EXERCISE AIM = Your response should consist of the lines below, printed exactly.

=-=-=

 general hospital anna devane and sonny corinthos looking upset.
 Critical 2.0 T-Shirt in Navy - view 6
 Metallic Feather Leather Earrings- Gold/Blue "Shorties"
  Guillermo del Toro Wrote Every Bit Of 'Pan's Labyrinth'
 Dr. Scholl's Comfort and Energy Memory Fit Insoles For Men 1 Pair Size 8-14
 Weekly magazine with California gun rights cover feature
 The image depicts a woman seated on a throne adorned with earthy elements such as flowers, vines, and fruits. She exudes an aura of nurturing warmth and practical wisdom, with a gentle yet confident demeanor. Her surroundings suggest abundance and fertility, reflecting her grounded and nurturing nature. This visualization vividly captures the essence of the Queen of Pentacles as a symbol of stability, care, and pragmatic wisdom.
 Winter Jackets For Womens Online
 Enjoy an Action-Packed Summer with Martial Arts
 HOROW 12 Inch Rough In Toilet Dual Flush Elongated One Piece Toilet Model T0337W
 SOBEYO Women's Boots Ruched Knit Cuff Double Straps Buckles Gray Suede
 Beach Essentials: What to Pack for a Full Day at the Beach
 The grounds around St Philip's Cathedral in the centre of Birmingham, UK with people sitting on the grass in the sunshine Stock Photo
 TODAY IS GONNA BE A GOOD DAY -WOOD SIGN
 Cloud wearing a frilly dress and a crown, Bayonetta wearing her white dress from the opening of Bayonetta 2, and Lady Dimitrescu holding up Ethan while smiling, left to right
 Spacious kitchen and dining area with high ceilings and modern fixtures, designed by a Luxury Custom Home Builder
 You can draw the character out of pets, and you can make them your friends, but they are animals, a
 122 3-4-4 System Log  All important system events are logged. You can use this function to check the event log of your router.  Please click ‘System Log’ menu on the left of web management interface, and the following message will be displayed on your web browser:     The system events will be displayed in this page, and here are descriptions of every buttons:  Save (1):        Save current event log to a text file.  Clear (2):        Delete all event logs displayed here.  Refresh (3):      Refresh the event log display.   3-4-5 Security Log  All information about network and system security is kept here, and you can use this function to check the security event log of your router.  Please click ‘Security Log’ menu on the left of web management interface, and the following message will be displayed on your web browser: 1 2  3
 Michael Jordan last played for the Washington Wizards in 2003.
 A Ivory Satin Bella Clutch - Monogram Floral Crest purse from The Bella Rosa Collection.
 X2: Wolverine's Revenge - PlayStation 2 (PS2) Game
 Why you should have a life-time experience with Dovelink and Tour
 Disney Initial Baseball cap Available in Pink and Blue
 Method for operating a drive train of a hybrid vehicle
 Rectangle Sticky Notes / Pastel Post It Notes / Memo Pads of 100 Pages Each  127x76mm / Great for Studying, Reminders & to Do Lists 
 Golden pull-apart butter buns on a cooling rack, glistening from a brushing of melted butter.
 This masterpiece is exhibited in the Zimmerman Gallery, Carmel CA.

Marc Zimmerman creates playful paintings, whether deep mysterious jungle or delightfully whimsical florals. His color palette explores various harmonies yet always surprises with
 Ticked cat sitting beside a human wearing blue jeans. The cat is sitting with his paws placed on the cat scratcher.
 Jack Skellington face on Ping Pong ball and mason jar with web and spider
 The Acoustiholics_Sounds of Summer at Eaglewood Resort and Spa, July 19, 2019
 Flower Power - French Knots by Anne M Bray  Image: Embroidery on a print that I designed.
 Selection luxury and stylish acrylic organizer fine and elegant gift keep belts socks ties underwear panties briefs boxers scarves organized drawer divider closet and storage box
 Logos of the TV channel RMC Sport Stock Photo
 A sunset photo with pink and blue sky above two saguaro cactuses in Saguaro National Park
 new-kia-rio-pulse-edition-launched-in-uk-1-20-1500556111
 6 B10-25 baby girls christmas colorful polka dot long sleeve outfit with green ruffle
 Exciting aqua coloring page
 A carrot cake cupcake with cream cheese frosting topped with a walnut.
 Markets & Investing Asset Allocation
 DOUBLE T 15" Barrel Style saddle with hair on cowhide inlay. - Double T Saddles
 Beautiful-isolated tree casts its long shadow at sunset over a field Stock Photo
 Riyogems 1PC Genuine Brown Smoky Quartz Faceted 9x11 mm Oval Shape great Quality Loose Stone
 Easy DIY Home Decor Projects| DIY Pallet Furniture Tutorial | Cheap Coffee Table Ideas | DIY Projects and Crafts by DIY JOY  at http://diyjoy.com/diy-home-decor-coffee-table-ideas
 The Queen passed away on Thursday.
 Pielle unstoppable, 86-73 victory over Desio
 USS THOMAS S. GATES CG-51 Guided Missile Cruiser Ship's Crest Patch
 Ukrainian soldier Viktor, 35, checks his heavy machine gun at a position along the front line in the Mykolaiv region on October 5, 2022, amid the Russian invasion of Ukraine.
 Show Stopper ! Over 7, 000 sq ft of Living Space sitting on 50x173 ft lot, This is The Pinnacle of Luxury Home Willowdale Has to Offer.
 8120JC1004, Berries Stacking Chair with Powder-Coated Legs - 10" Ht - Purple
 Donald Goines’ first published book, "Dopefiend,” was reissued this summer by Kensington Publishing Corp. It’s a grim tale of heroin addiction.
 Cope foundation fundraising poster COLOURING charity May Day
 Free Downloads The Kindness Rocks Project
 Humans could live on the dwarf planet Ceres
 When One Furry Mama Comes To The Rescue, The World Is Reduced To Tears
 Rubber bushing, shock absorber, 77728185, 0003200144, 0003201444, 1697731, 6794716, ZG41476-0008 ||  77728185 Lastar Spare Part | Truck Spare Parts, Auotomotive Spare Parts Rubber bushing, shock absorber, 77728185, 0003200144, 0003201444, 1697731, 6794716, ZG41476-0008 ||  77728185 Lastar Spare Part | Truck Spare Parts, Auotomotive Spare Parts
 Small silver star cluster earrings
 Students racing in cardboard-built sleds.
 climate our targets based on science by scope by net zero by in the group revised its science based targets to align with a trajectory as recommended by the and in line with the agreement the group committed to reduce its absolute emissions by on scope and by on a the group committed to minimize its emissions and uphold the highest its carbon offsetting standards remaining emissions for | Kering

=-=-=

RESPONSE TO THIS EXERCISE =
 general hospital anna devane and sonny corinthos looking upset.
 Critical 2.0 T-Shirt in Navy - view 6
 Metallic Feather Leather Earrings- Gold/Blue "Shorties"
  Guillermo del Toro Wrote Every Bit Of 'Pan's Labyrinth'
 Dr. Scholl's Comfort and Energy Memory Fit Insoles For Men 1 Pair Size 8-14
 Weekly magazine with California gun rights cover feature
 The image depicts a woman seated on a throne adorned with earthy elements such as flowers, vines, and fruits. She exudes an aura of nurturing warmth and practical wisdom, with a gentle yet confident demeanor. Her surroundings suggest abundance and fertility, reflecting her grounded and nurturing nature. This visualization vividly captures the essence of the Queen of Pentacles as a symbol of stability, care, and pragmatic wisdom.
 Winter Jackets For Womens Online
 Enjoy an Action-Packed Summer with Martial Arts
 HOROW 12 Inch Rough In Toilet Dual Flush Elongated One Piece Toilet Model T0337W
 SOBEYO Women's Boots Ruched Knit Cuff Double Straps Buckles Gray Suede
 Beach Essentials: What to Pack for a Full Day at the Beach
 The grounds around St Philip's Cathedral in the centre of Birmingham, UK with people sitting on the grass in the sunshine Stock Photo
 TODAY IS GONNA BE A GOOD DAY -WOOD SIGN
 Cloud wearing a frilly dress and a crown, Bayonetta wearing her white dress from the opening of Bayonetta 2, and Lady Dimitrescu holding up Ethan while smiling, left to right
 Spacious kitchen and dining area with high ceilings and modern fixtures, designed by a Luxury Custom Home Builder
 You can draw the character out of pets, and you can make them your friends, but they are animals, a
 122 3-4-4 System Log  All important system events are logged. You can use this function to check the event log of your router.  Please click ‘System Log’ menu on the left of web management interface, and the following message will be displayed on your web browser:     The system events will be displayed in this page, and here are descriptions of every buttons:  Save (1):        Save current event log to a text file.  Clear (2):        Delete all event logs displayed here.  Refresh (3):      Refresh the event log display.   3-4-5 Security Log  All information about network and system security is kept here, and you can use this function to check the security event log of your router.  Please click ‘Security Log’ menu on the left of web management interface, and the following message will be displayed on your web browser: 1 2  3
 Michael Jordan last played for the Washington Wizards in 2003.
 A Ivory Satin Bella Clutch - Monogram Floral Crest purse from The Bella Rosa Collection.
 X2: Wolverine's Revenge - PlayStation 2 (PS2) Game
 Why you should have a life-time experience with Dovelink and Tour
 Disney Initial Baseball cap Available in Pink and Blue
 Method for operating a drive train of a hybrid vehicle
 Rectangle Sticky Notes / Pastel Post It Notes / Memo Pads of 100 Pages Each  127x76mm / Great for Studying, Reminders & to Do Lists 
 Golden pull-apart butter buns on a cooling rack, glistening from a brushing of melted butter.
 This masterpiece is exhibited in the Zimmerman Gallery, Carmel CA.

Marc Zimmerman creates playful paintings, whether deep mysterious jungle or delightfully whimsical florals. His color palette explores various harmonies yet always surprises with
 Ticked cat sitting beside a human wearing blue jeans. The cat is sitting with his paws placed on the cat scratcher.
 Jack Skellington face on Ping Pong ball and mason jar with web and spider
 The Acoustiholics_Sounds of Summer at Eaglewood Resort and Spa, July 19, 2019
 Flower Power - French Knots by Anne M Bray  Image: Embroidery on a print that I designed.
 Selection luxury and stylish acrylic organizer fine and elegant gift keep belts socks ties underwear panties briefs boxers scarves organized drawer divider closet and storage box
 Logos of the TV channel RMC Sport Stock Photo
 A sunset photo with pink and blue sky above two saguaro cactuses in Saguaro National Park
 new-kia-rio-pulse-edition-launched-in-uk-1-20-1500556111
 6 B10-25 baby girls christmas colorful polka dot long sleeve outfit with green ruffle
 Exciting aqua coloring page
 A carrot cake cupcake with cream cheese frosting topped with a walnut.
 Markets & Investing Asset Allocation
 DOUBLE T 15" Barrel Style saddle with hair on cowhide inlay. - Double T Saddles
 Beautiful-isolated tree casts its long shadow at sunset over a field Stock Photo
 Riyogems 1PC Genuine Brown Smoky Quartz Faceted 9x11 mm Oval Shape great Quality Loose Stone
 Easy DIY Home Decor Projects| DIY Pallet Furniture Tutorial | Cheap Coffee Table Ideas | DIY Projects and Crafts by DIY JOY  at http://diyjoy.com/diy-home-decor-coffee-table-ideas
 The Queen passed away on Thursday.
 Pielle unstoppable, 86-73 victory over Desio
 USS THOMAS S. GATES CG-51 Guided Missile Cruiser Ship's Crest Patch
 Ukrainian soldier Viktor, 35, checks his heavy machine gun at a position along the front line in the Mykolaiv region on October 5, 2022, amid the Russian invasion of Ukraine.
 Show Stopper ! Over 7, 000 sq ft of Living Space sitting on 50x173 ft lot, This is The Pinnacle of Luxury Home Willowdale Has to Offer.
 8120JC1004, Berries Stacking Chair with Powder-Coated Legs - 10" Ht - Purple
 Donald Goines’ first published book, "Dopefiend,” was reissued this summer by Kensington Publishing Corp. It’s a grim tale of heroin addiction.
 Cope foundation fundraising poster COLOURING charity May Day
 Free Downloads The Kindness Rocks Project
 Humans could live on the dwarf planet Ceres
 When One Furry Mama Comes To The Rescue, The World Is Reduced To Tears
 Rubber bushing, shock absorber, 77728185, 0003200144, 0003201444, 1697731, 6794716, ZG41476-0008 ||  77728185 Lastar Spare Part | Truck Spare Parts, Auotomotive Spare Parts Rubber bushing, shock absorber, 77728185, 0003200144, 0003201444, 1697731, 6794716, ZG41476-0008 ||  77728185 Lastar Spare Part | Truck Spare Parts, Auotomotive Spare Parts
 Small silver star cluster earrings
 Students racing in cardboard-built sleds.
 climate our targets based on science by scope by net zero by in the group revised its science based targets to align with a trajectory as recommended by the and in line with the agreement the group committed to reduce its absolute emissions by on scope and by on a the group committed to minimize its emissions and uphold the highest its carbon offsetting standards remaining emissions for | Kering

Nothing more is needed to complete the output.